Consequently, most of the active speech frames are encoded at full
rate, i.e. 13.3 kb/s.
Similarly to the method 100 illustrated in FIG. 2, a voice activity
detector (VAD), discriminates between active and inactive speech
frames (step 102). The VAD algorithm can be identical for all modes
of operation. If an inactive speech frame is detected (background
noise signal) then the classification method stops and the frame is
encoded with CNG ER coding type at 1.0 kbit/s according to CDMA
Rate Set II (step 402). If an active speech frame is detected, the
frame is subjected to a second classifier dedicated to discriminate
unvoiced frames (step 404). As the Premium Mode is aimed for the
best possible quality, the unvoiced frame discrimination is very
severe and only highly stationary unvoiced frames are selected. The
unvoiced classification rules and decision thresholds are as given
above. If the second classifier classifies the frame as unvoiced
speech signal, the classification method stops, and the frame is
encoded using Unvoiced HR coding type (step 408) optimized for
unvoiced signals (6.2 kbit/s according to CDMA Rate Set II). All
other frames are processed with Generic FR coding type, based on
the AMR-WB standard at 12.65 kbit/s (step 406).

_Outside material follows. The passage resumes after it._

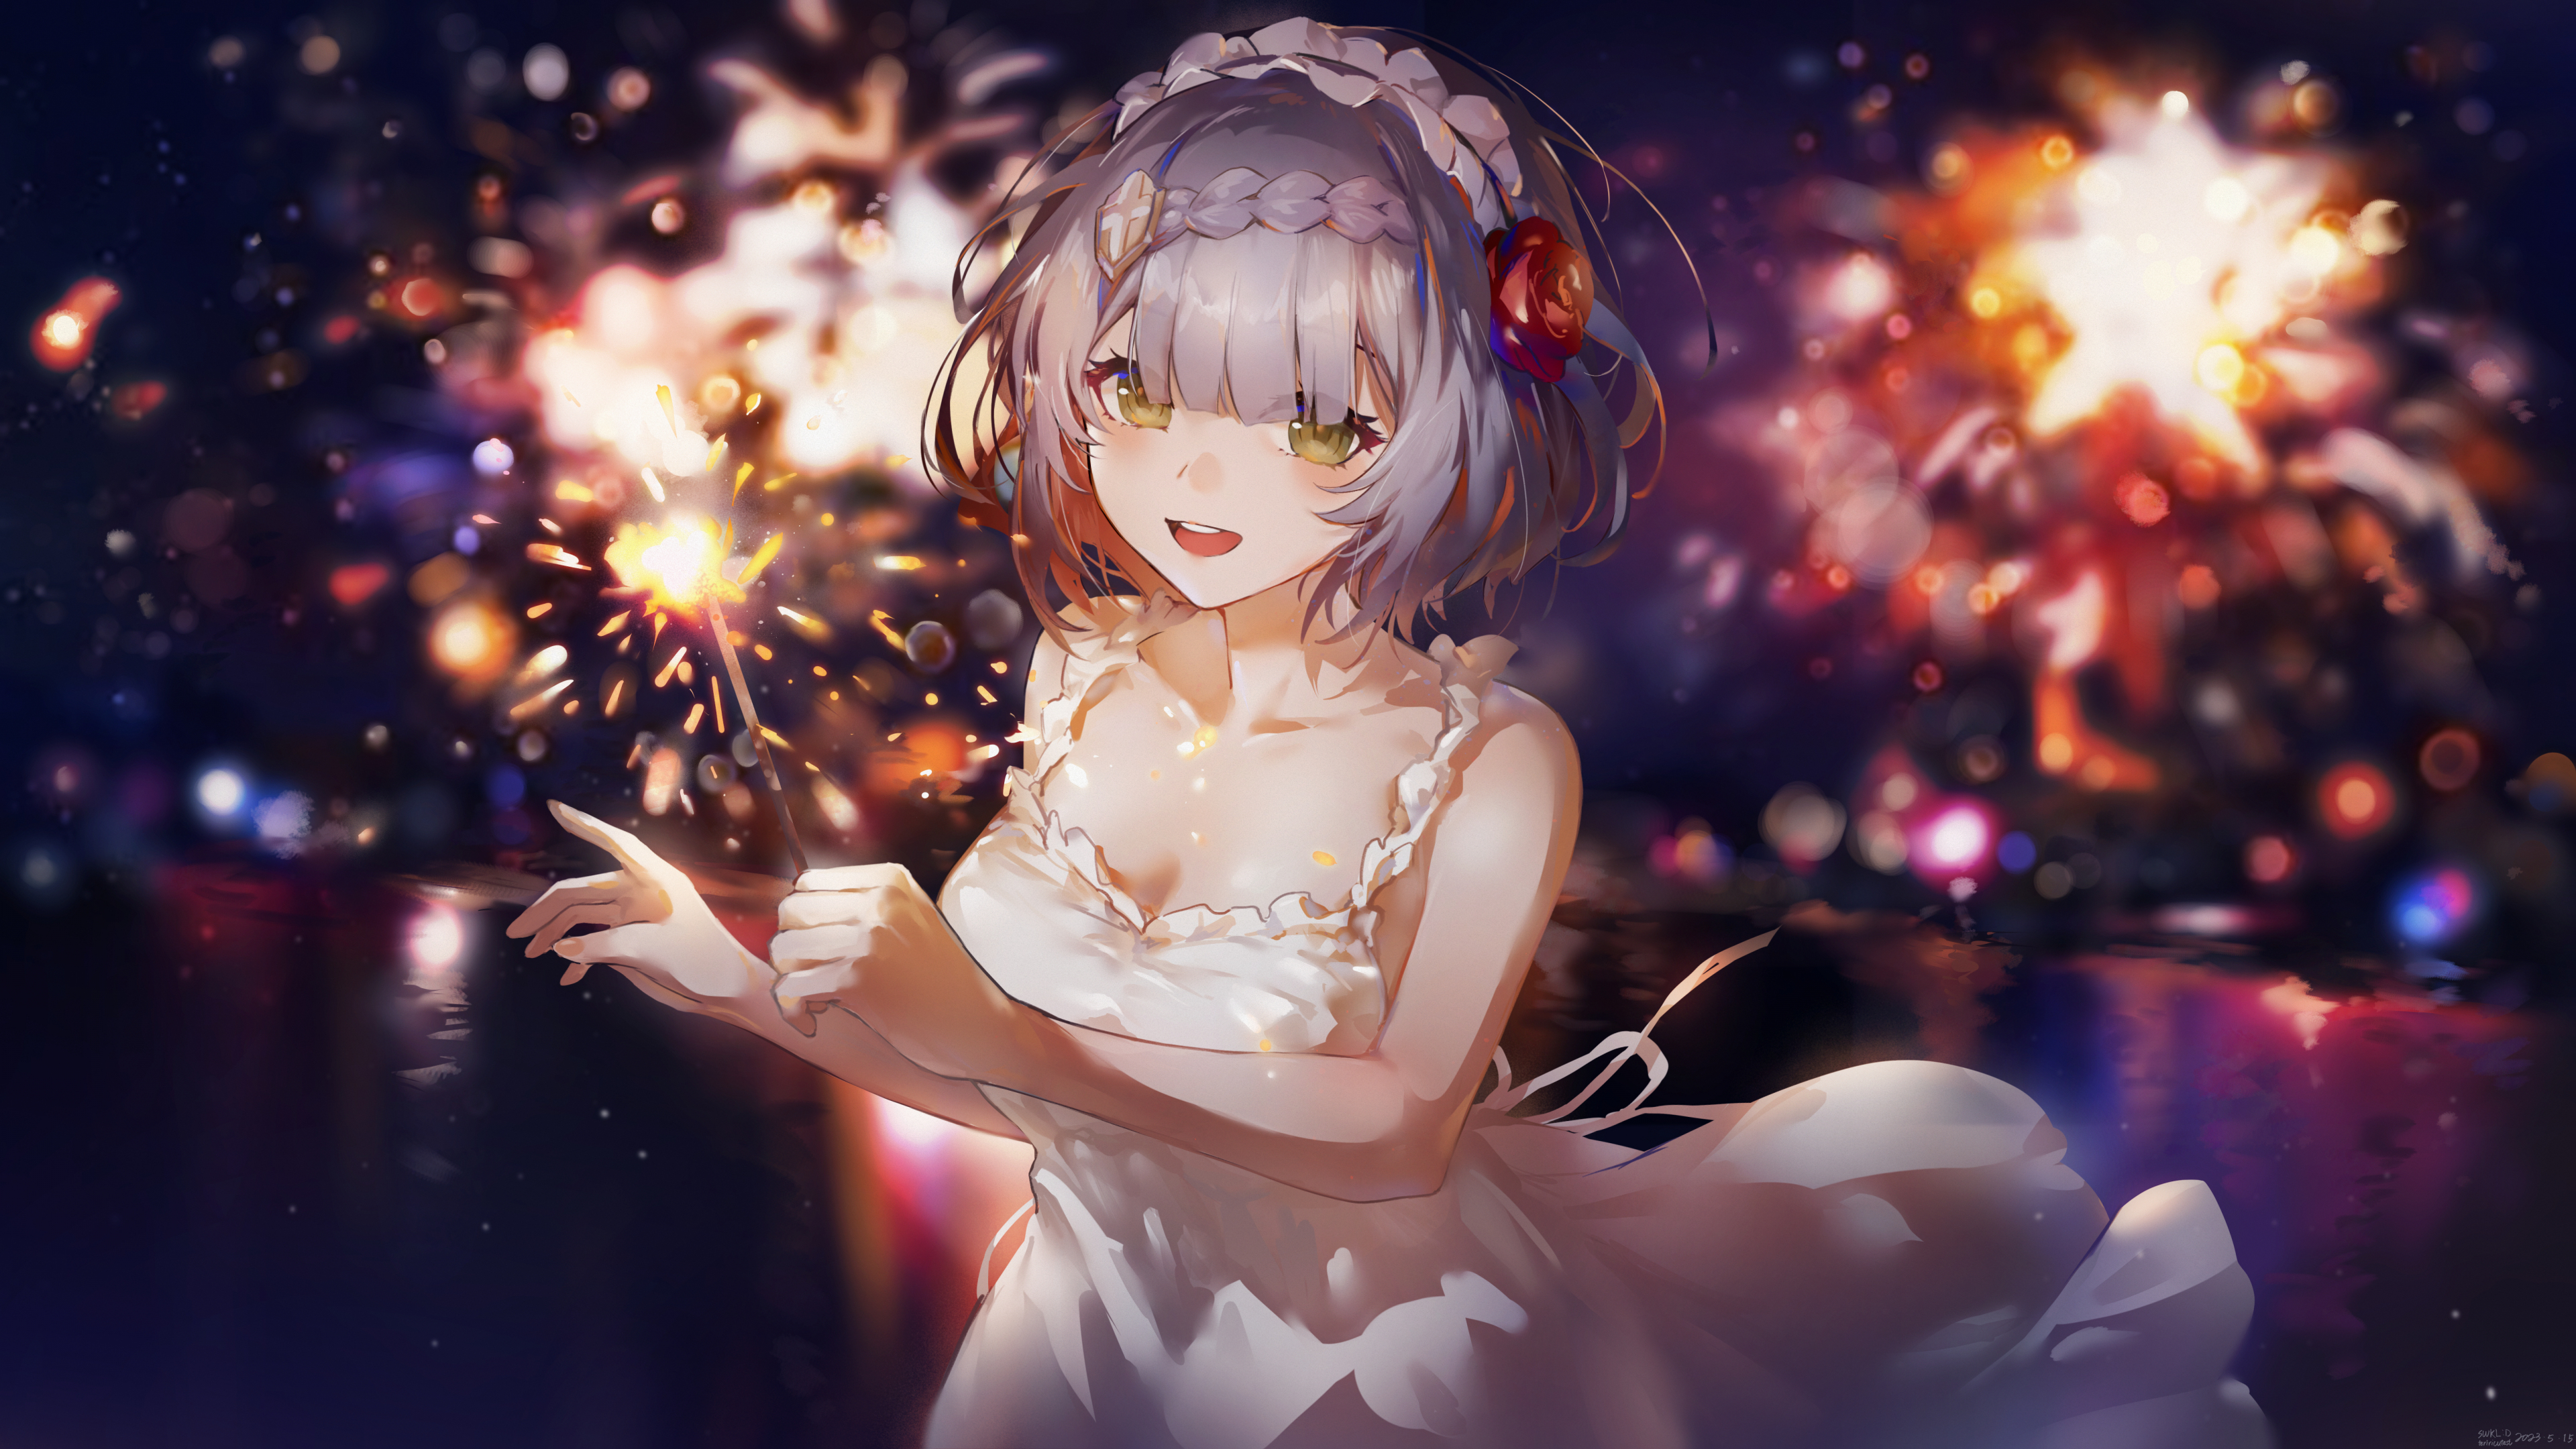 White dress, cute anime girl, art, 3840x2160 wallpaper

Signal Classification and Rate Selection in the Standard Mode
A method 500 for digitally encoding a sound signal according to a
third illustrative-embodiment of the second aspect of the present
invention is illustrated in FIG. 6. The method 500 allows the
classification of a speech signal and its encoding in Standard
mode.
In step 102, a VAD discriminates between active and inactive speech
frames. If an inactive speech frame is detected then the
classification method stops and the frame is encoded as a CNG ER
frame (step 510). If an active speech frame is detected, the frame
is subjected to a second-level classifier dedicated to discriminate
unvoiced frames (step 404). The unvoiced classification rules and
decision thresholds are described above. If the second-level
classifier classifies the frame as unvoiced speech signal, the
classification method stops, and the frame is encoded with an
Unvoiced HR coding type (step 508). Otherwise, the speech frame is
passed through to the "stable voiced" classification module (step
502). The discrimination of the voiced frames is an inherent
feature of the signal modification algorithm as described
hereinabove. If the frame is suitable for signal modification, it
is classified as stable voiced frame and encoded with Voiced HR
coding type (step 506) in a module optimized for stable voiced
signals (6.2 kbit/s according to CDMA Rate Set II). Otherwise, the
frame is likely to contain a nonstationary speech segment such as a
voiced onset or rapidly evolving voiced speech signal. These frames
typically require a high bit rate for sustaining good subjective
quality. However, if the energy of the frame is lower than a
certain threshold then the frames can be encoded with a Generic HR
coding type. Thus, if in step 512 the fourth-level classifier
detects a low energy signal the frame is encoded using Generic HR
(step 514). Otherwise, the speech frame is encoded as a Generic FR
frame (13.3 kbit/s according to CDMA Rate Set II) (step 504).
Signal Classification and Rate Selection in the Economy Mode
A method 600 for digitally encoding a sound signal according to a
fourth illustrative embodiment of the first aspect of the present
invention is illustrated in FIG. 6. The method 600, which is a
four-level classification method, allows the classification of a
speech signal and its encoding in the Economy mode.
The Economy Mode allows for maximum system capacity still producing
high quality wideband speech. The rate determination logic is
similar to Standard mode with the exception that also Unvoiced QR
coding type is used and Generic FR use is reduced.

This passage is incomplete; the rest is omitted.